Walt’s third point of refutation: “America’s success is due to its special genius.” Not really, he points out: America’s success in becoming the envy of the world has to do not with its “uniquely American virtues” so much as with sheer luck that the new nation came with a vast land “lavishly endowed with natural resources and traversed by navigable rivers.”

Walt’s two other points for rebuttal — that the U.S. is “responsible for most of the good of the world” and that “God is on our side” — may be skipped, except for Otto von Bismarck’s quip (which he quotes) that “God has a special providence for fools, drunks, and the United States.”

God, as a matter of fact, is what Republican presidential candidate Mitt Romney, in calling for a new American Century, invoked last fall when he spelled out his foreign policy were he to become president, as Bacevich ruefully noted in “America: With God on our side” (L.A. Times, Oct. 16, 2011).

“God did not create this country to be a nation of followers,” Romney told the Citadel cadets. “America must lead the world.” Without the “clarity of American purpose and resolve, the world becomes a far more dangerous place,” he declaimed.

You expect something like that from a presidential candidate.
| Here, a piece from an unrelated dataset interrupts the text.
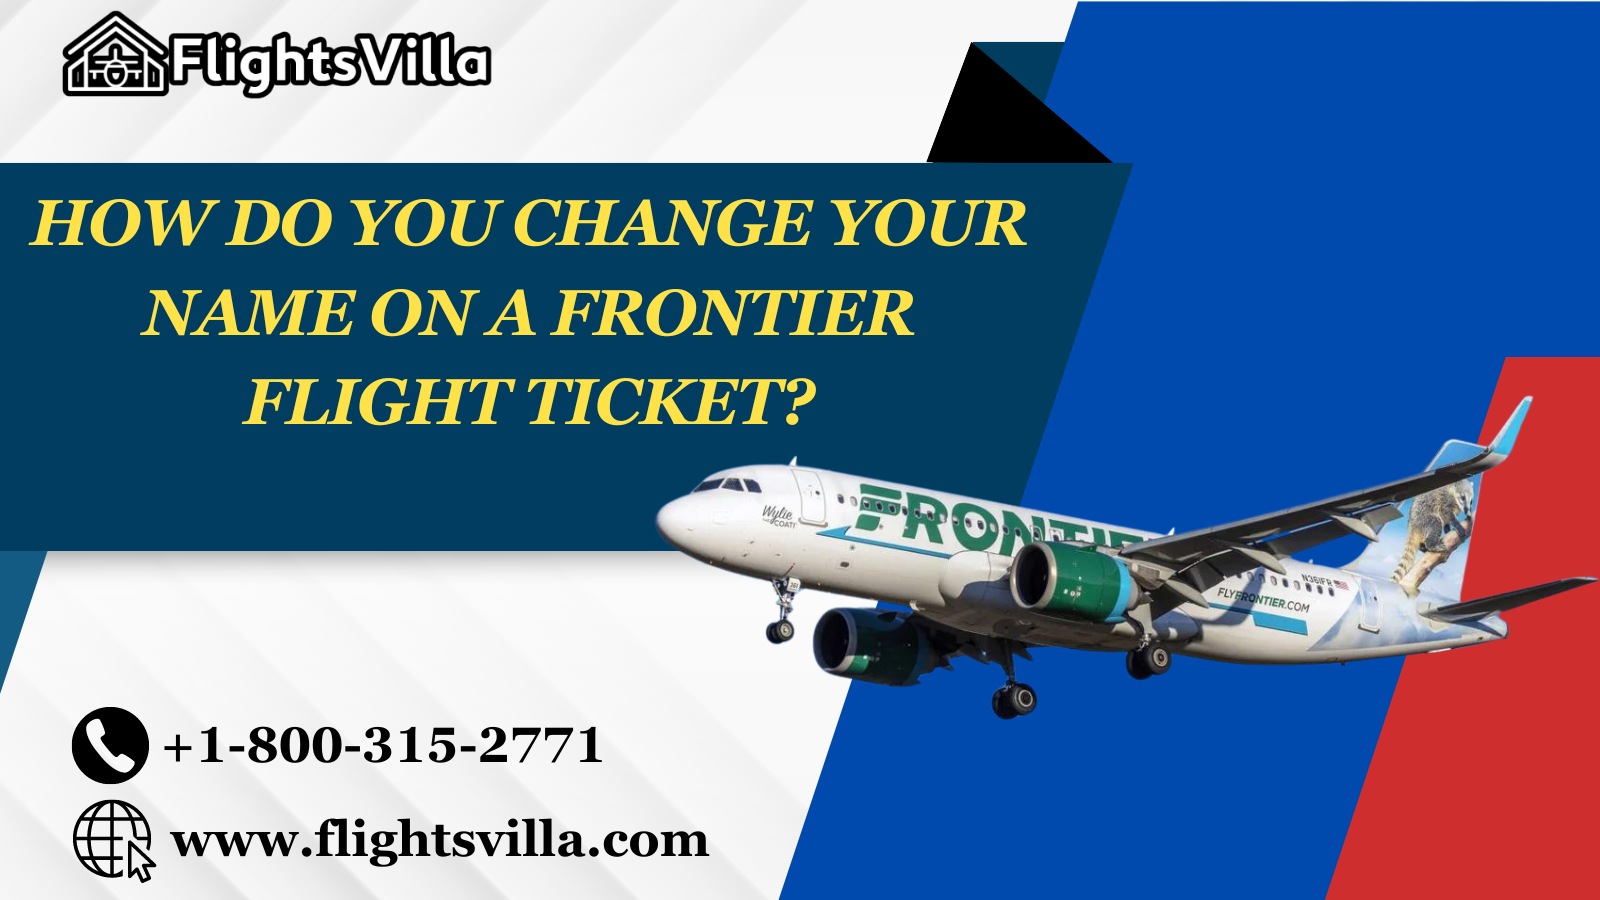 How Do You Change Your Name on a Frontier Flight Ticket

But then, from a different quarter, came a full-throated case for American exceptionalism. In “Terror on Trial” (Wall Street Journal, Jan. 7-8, 2012), British writer William Shawcross said the opposite of what you might first expect from the title of his article.

What first caught my eye was the discordant assemblage of photos that topped Shawcross’ article: shots of Guantanamo detainees in the infamous scarlet prison garb huddling in a wire-fenced gravelly garden, with masks and gloves; the Nuremberg trial; Khalid Sheik Mohammed (apparently after torture?); three Pakistani women holding up a sign saying “Burning Pakistan / Bush Gifted / Obama Granted”; the drone MQ-9 Reaper; and Bush and Obama together.

And what did Shawcross say? His concluding paragraph sums it up: “Since the beginning of the 20th century, America’s commitment and sacrifices have been essential to the world’s ability to resist the forces of nihilistic aggression. That was certainly true in the war against fascism, and it is still true today.”

So, the photos were to buttress that argument. The Guantanamo prison, torture and the use of drones to murder people with impunity are all right to fight today’s terrorism. Shawcross cites Nuremberg not just because his father, Hartley, was Britain’s chief prosecutor at the trial, but because Supreme Court Justice Robert Jackson was the chief U.S. prosecutor.

What Shawcross neglects to mention is this: Jackson enunciated lofty ideals and principles only to have his country, the United States, trample upon them. It never seems to have occurred to Shawcross that willful misconduct of the U.S. in subsequent decades have provoked “the forces of nihilistic aggression.”

American exceptionalism of this brand comes with blowback, as the CIA uses the term.

Hiroaki Sato is a translator and essayist in New York.